= Habitus: A Diaspora Journal =

Habitus: A Diaspora Journal was a semiannual Jewish magazine of international literature and culture. It was founded by Joshua Ellison, who was also editor.

Each issue of the magazine was dedicated to writing about a different city, and featured Jewish writers alongside non-Jewish voices. The magazine's mission statement begins: "Habitus is a Jewish magazine that takes the whole world seriously. Our starting point is international Jewry; but this is only the beginning of a far-reaching inquiry that seeks to capture a profoundly modern viewpoint that is both expansive and inclusive. Habitus takes its shape from the elusive concept known as the Diaspora – that untidy mix of longing and belonging, past and place. It represents an experience that is both personal and universal. The Diaspora condition confounds and consumes, even as it touches more and more lives around the globe. This thematic thread will speak to contemporary readers – of all backgrounds – who feel the pull of complex identities and biographies, and who wrestle with what it means to be truly at home."According to a feature in The Forward by staff writer Nathan Popper, Habitus "operating premise is that the relation of Jews to their far-flung homes — in places like Buenos Aires and Sarajevo and New Orleans — has a great deal to tell us not only about Jewish life but also about the modern experience with all its dislocation and movement." The magazine was funded by the Dorot Foundation.

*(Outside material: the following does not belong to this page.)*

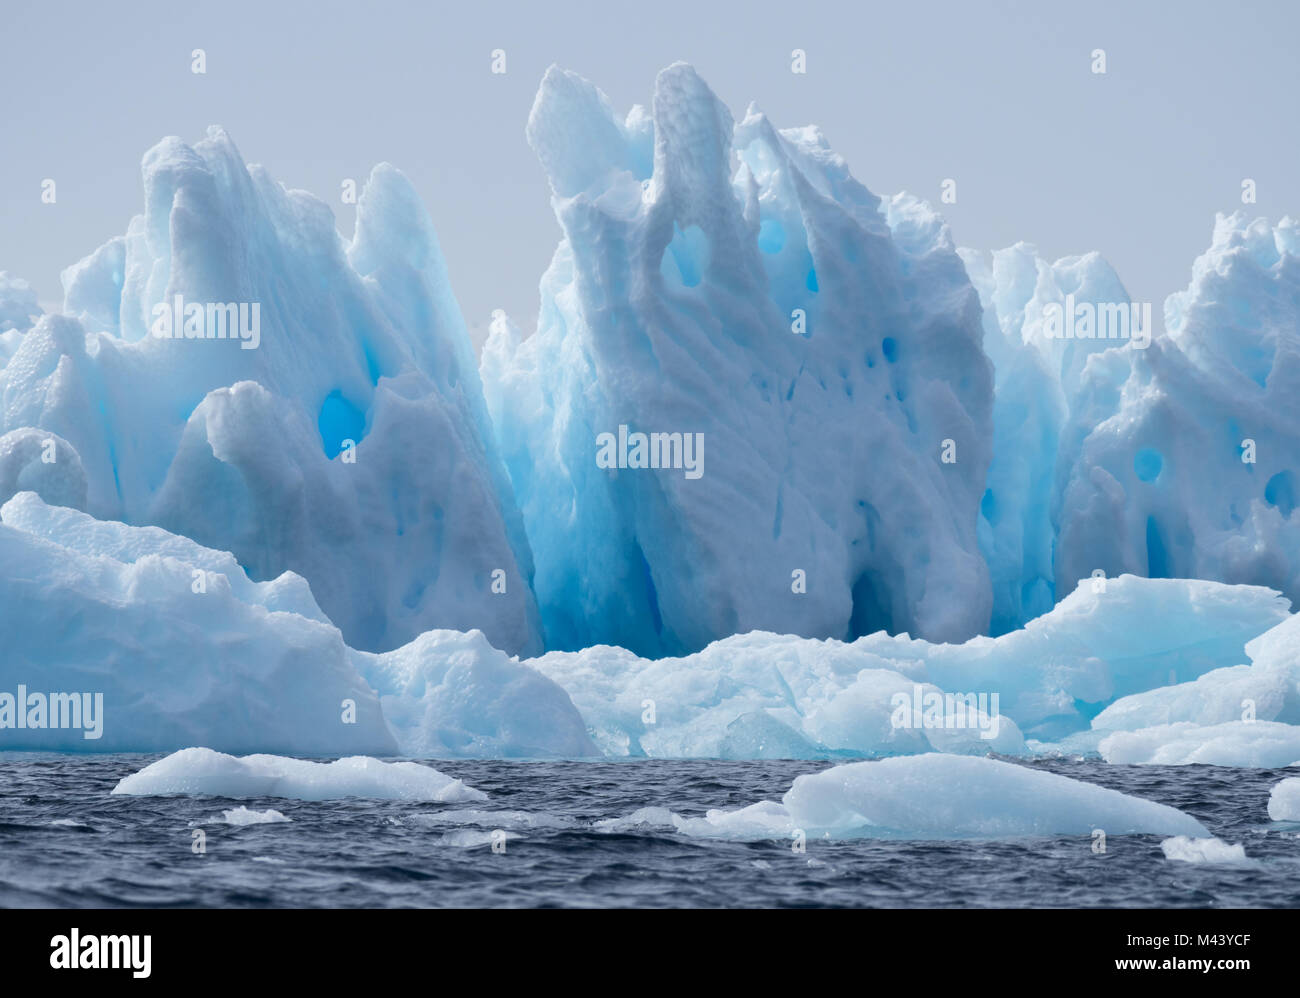 Un léger, moyen et bleu foncé iceberg flottant dans l'eau gris foncé de l'océan Austral au son de l'Antarctique. Ciel couvert est ci-dessus. Banque D'Images

The journal's debut issue in the fall of 2006 was dedicated to Budapest. The second issue, released in June 2007, was dedicated to Sarajevo. Further issues featured Buenos Aires, New Orleans, Moscow, Mexico City and Berlin. The last issue was published in January 2012 and dedicated to New York City.

In March 2011, a digital anthology with a selection of contributions from the first six issues was published.

In December 2013, the magazine announced it would not continue publishing issues.

Some of the journal's contributors include George Konrad, Aleksandar Hemon, Semezdin Mehmedinović, David Rieff, Ágnes Heller, Peter Zilahy, Courtney Angela Brkic, George Szirtes, Jorge Luis Borges Zafer Şenocak, André Aciman, Meena Alexander and Michael Arad.